What you are asked to do:
Give again, exactly and only, the lines running from the one with "Esschert Design Cast" to the end of the material below; leave out pictures.

### Data provided ###

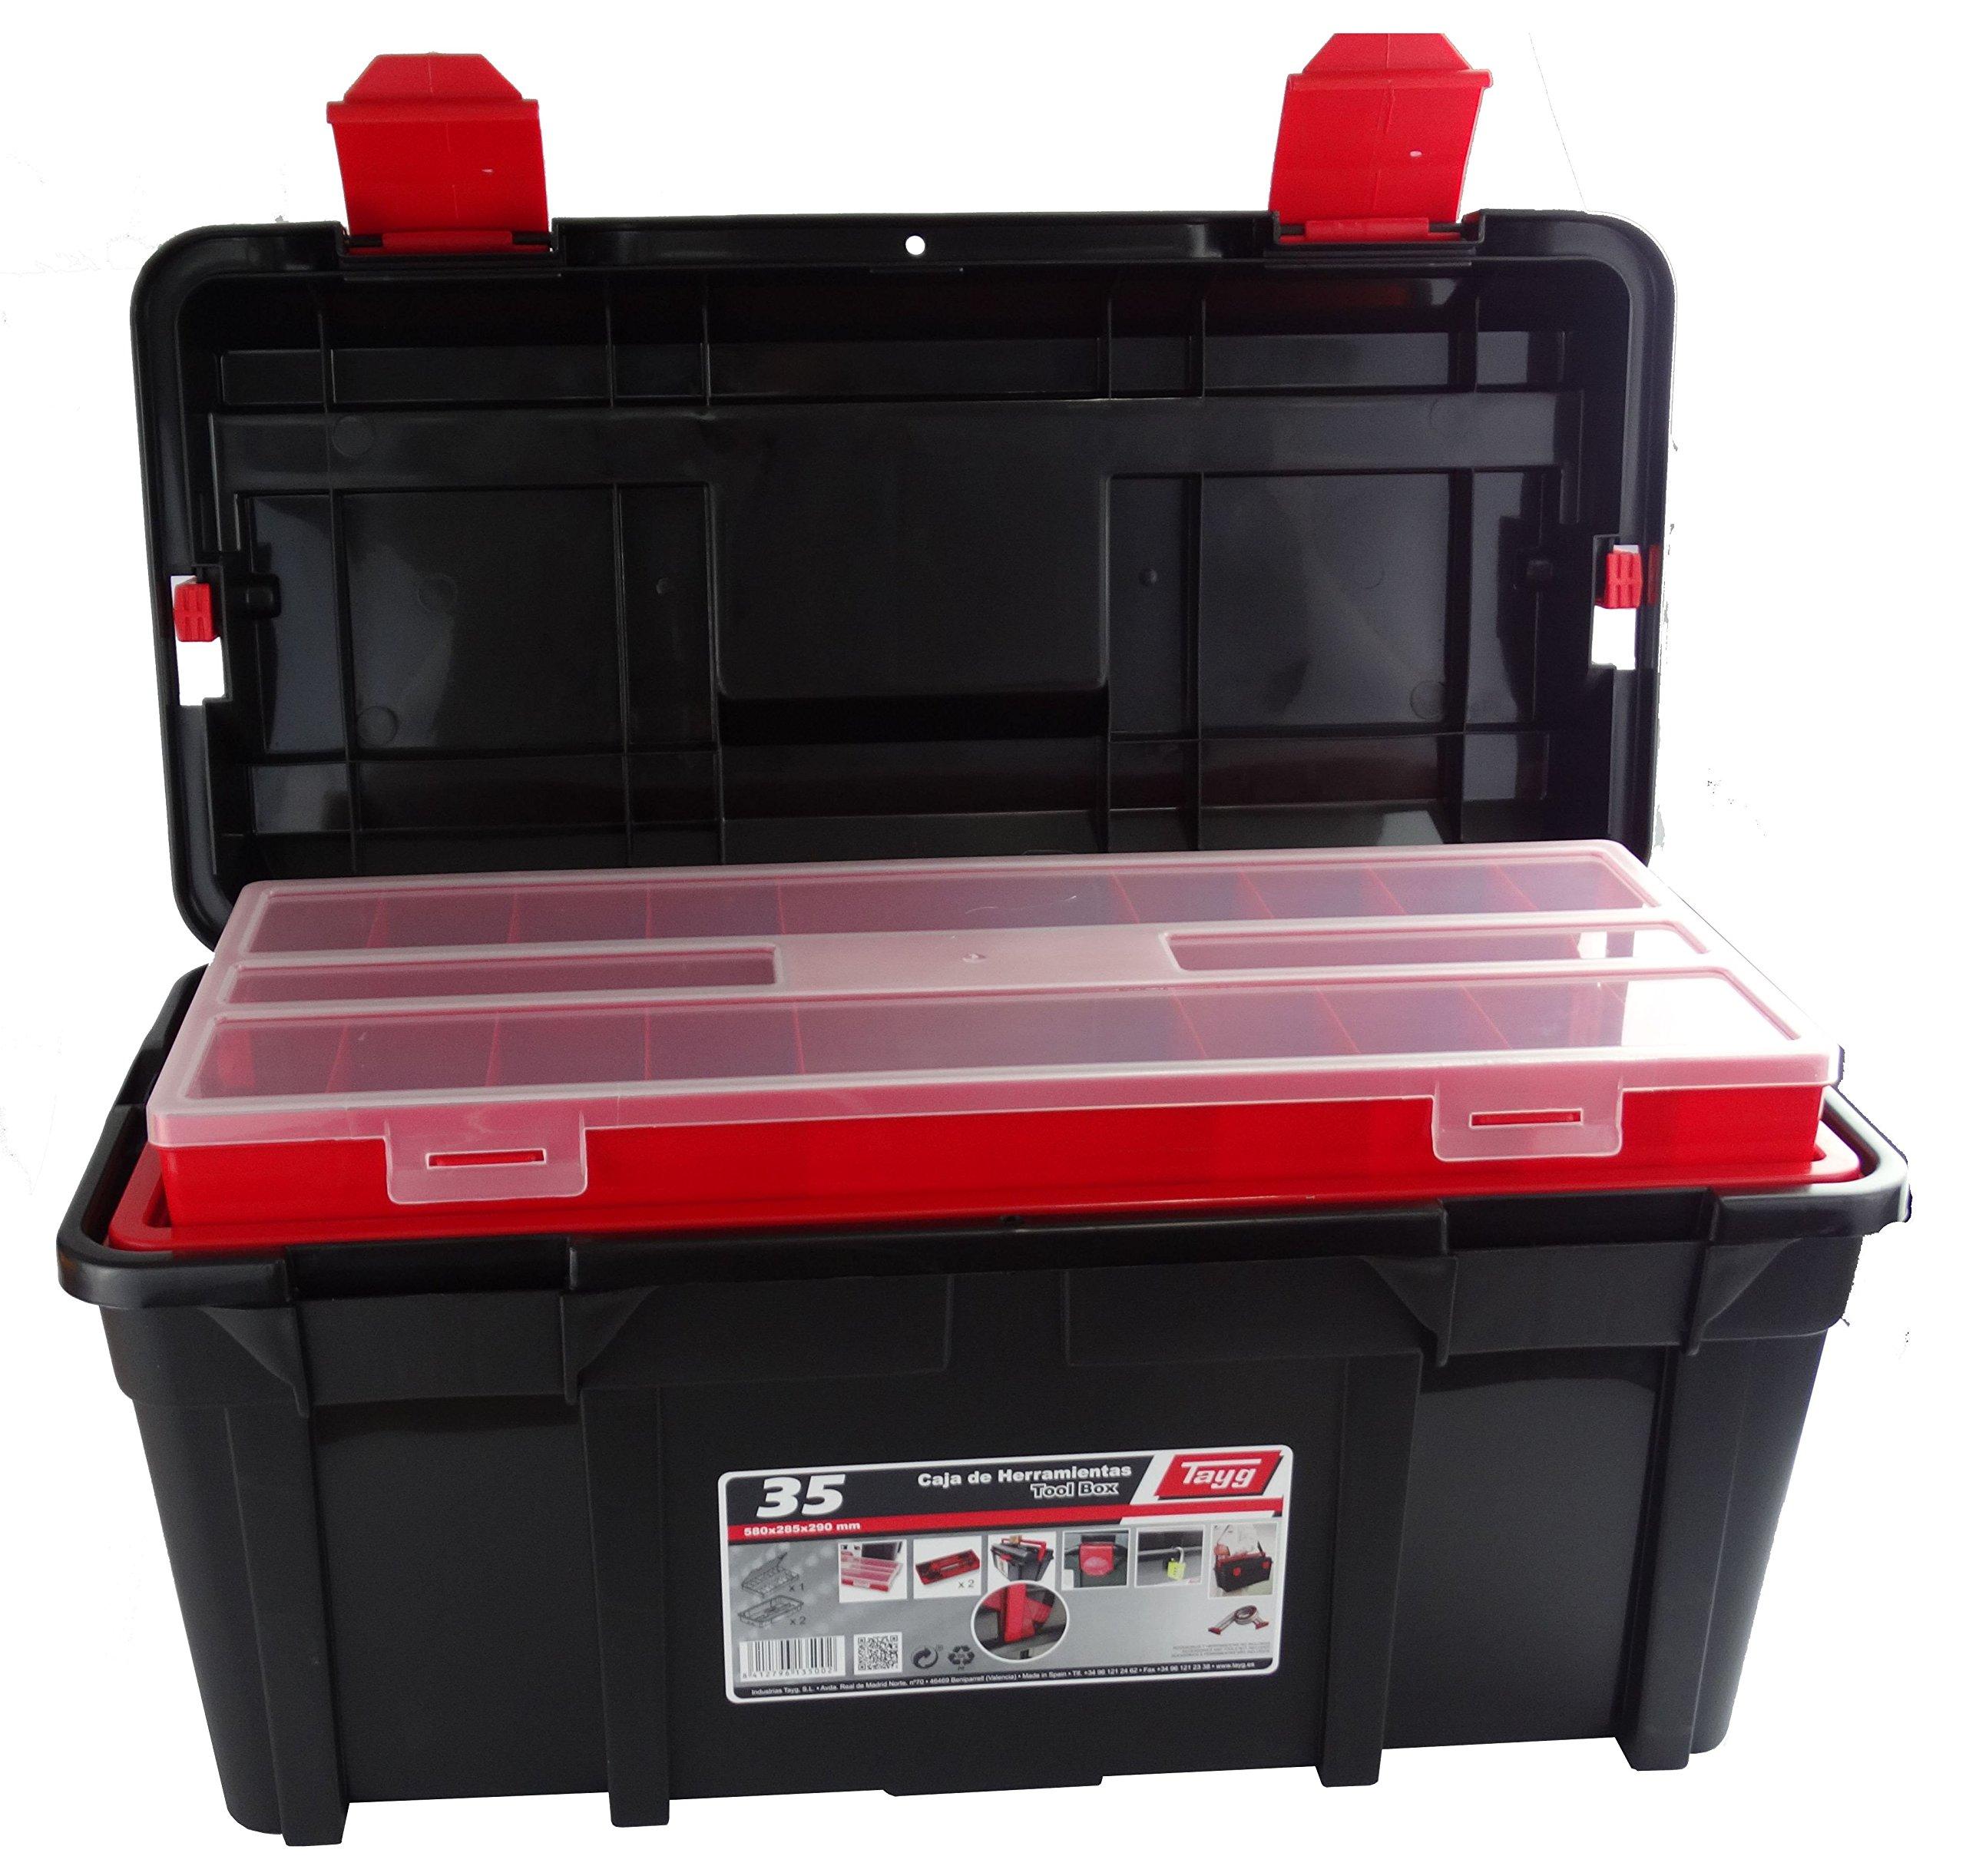 Tayg - Caja herramientas plástico nº 35 product image
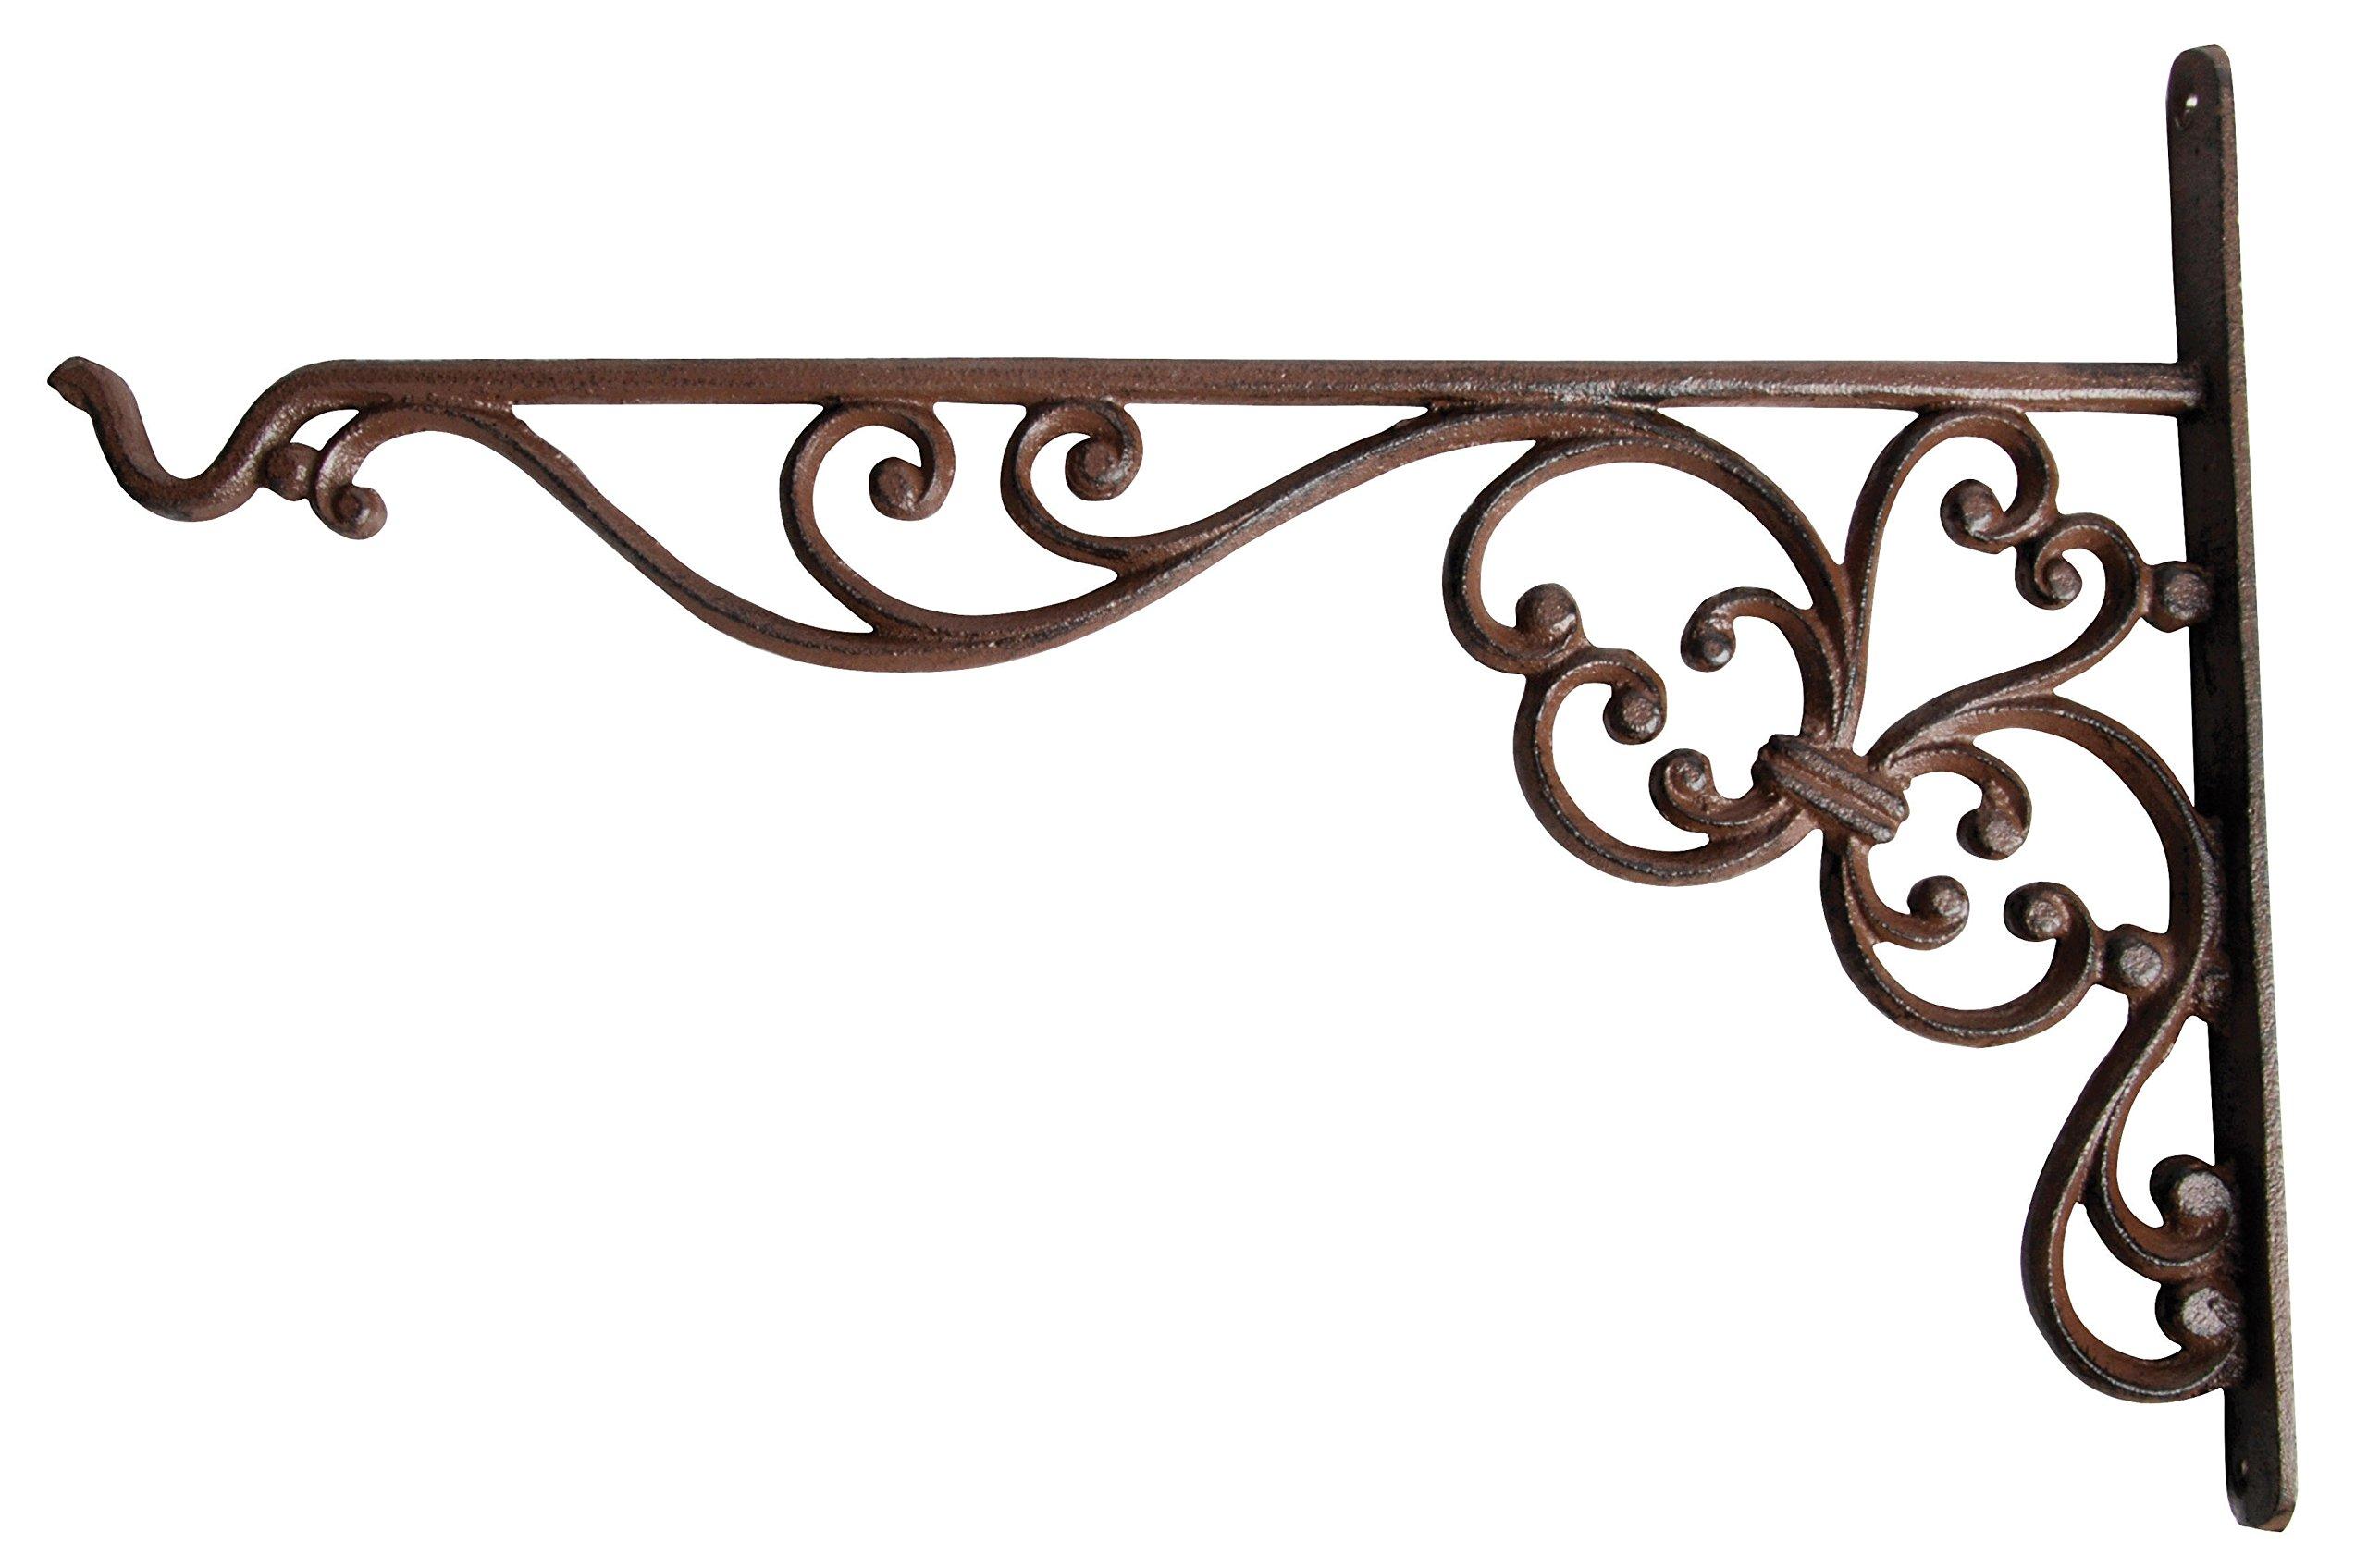 Esschert Design Cast Iron Basket Hanger by Esschert Design
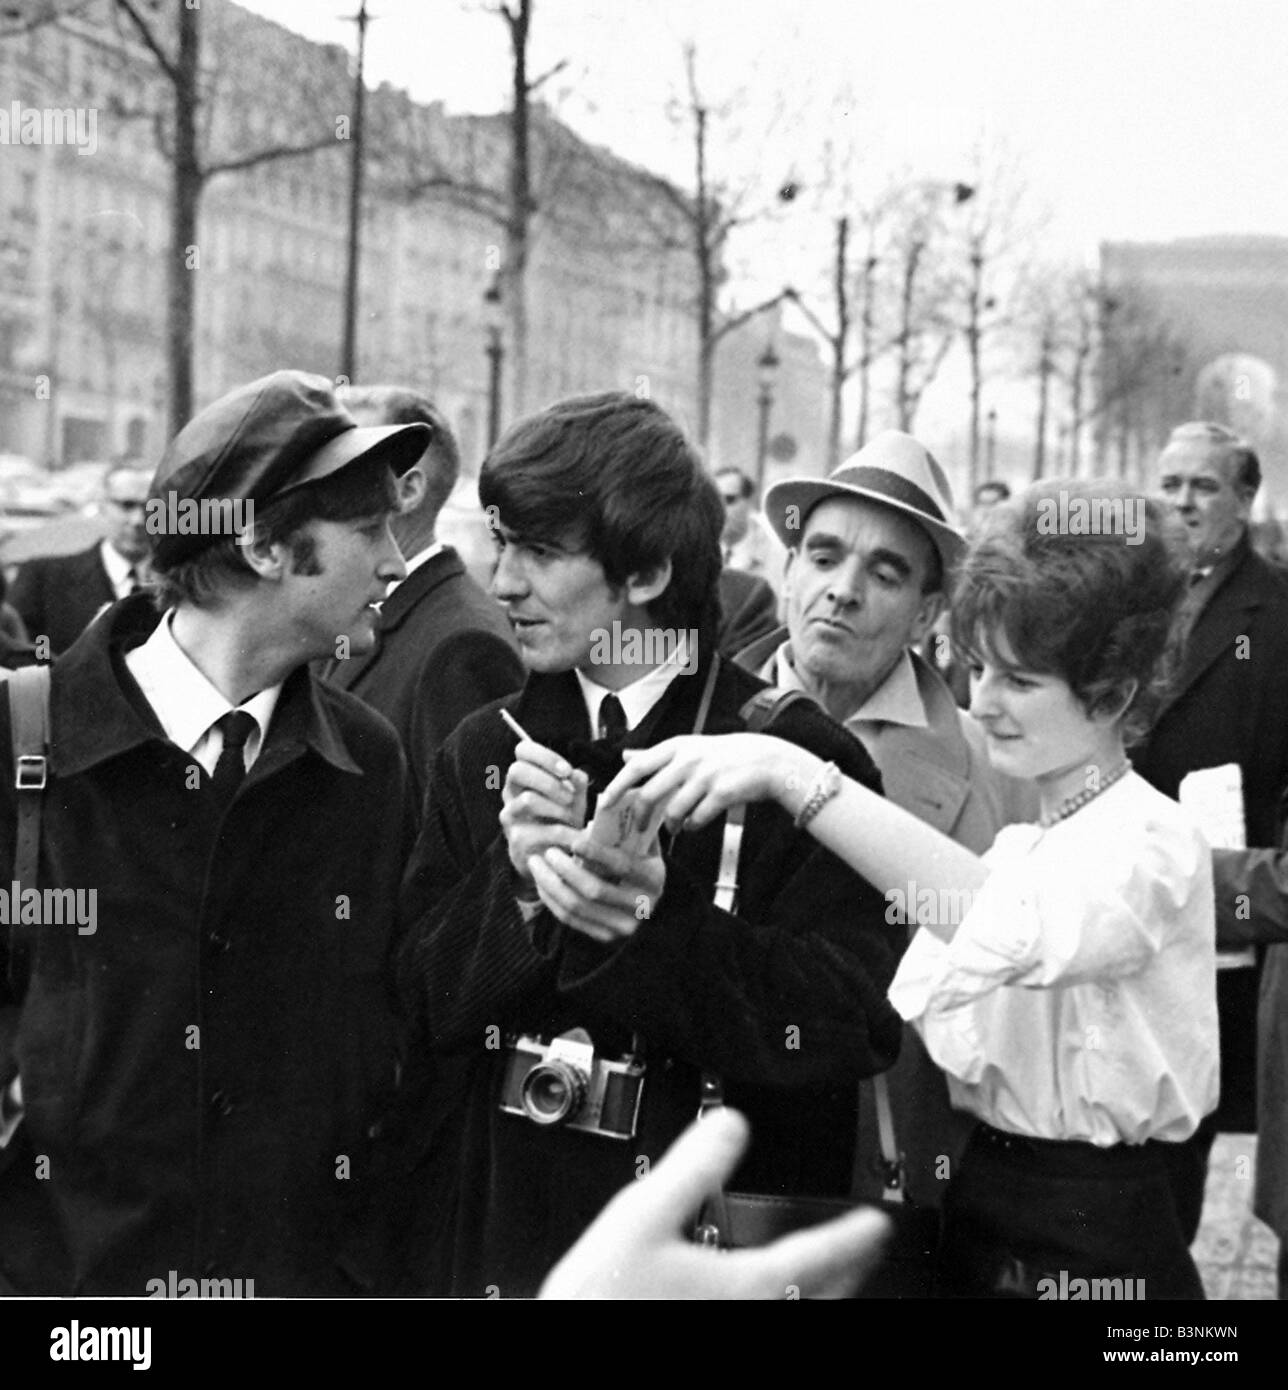 Beatles Files 1964 John Lennon George Harrison Sign Autographs For Fans During The Visit To Paris January

###

Answer section:
 Esschert Design Cast Iron Basket Hanger by Esschert Design
 Beatles Files 1964 John Lennon George Harrison Sign Autographs For Fans During The Visit To Paris January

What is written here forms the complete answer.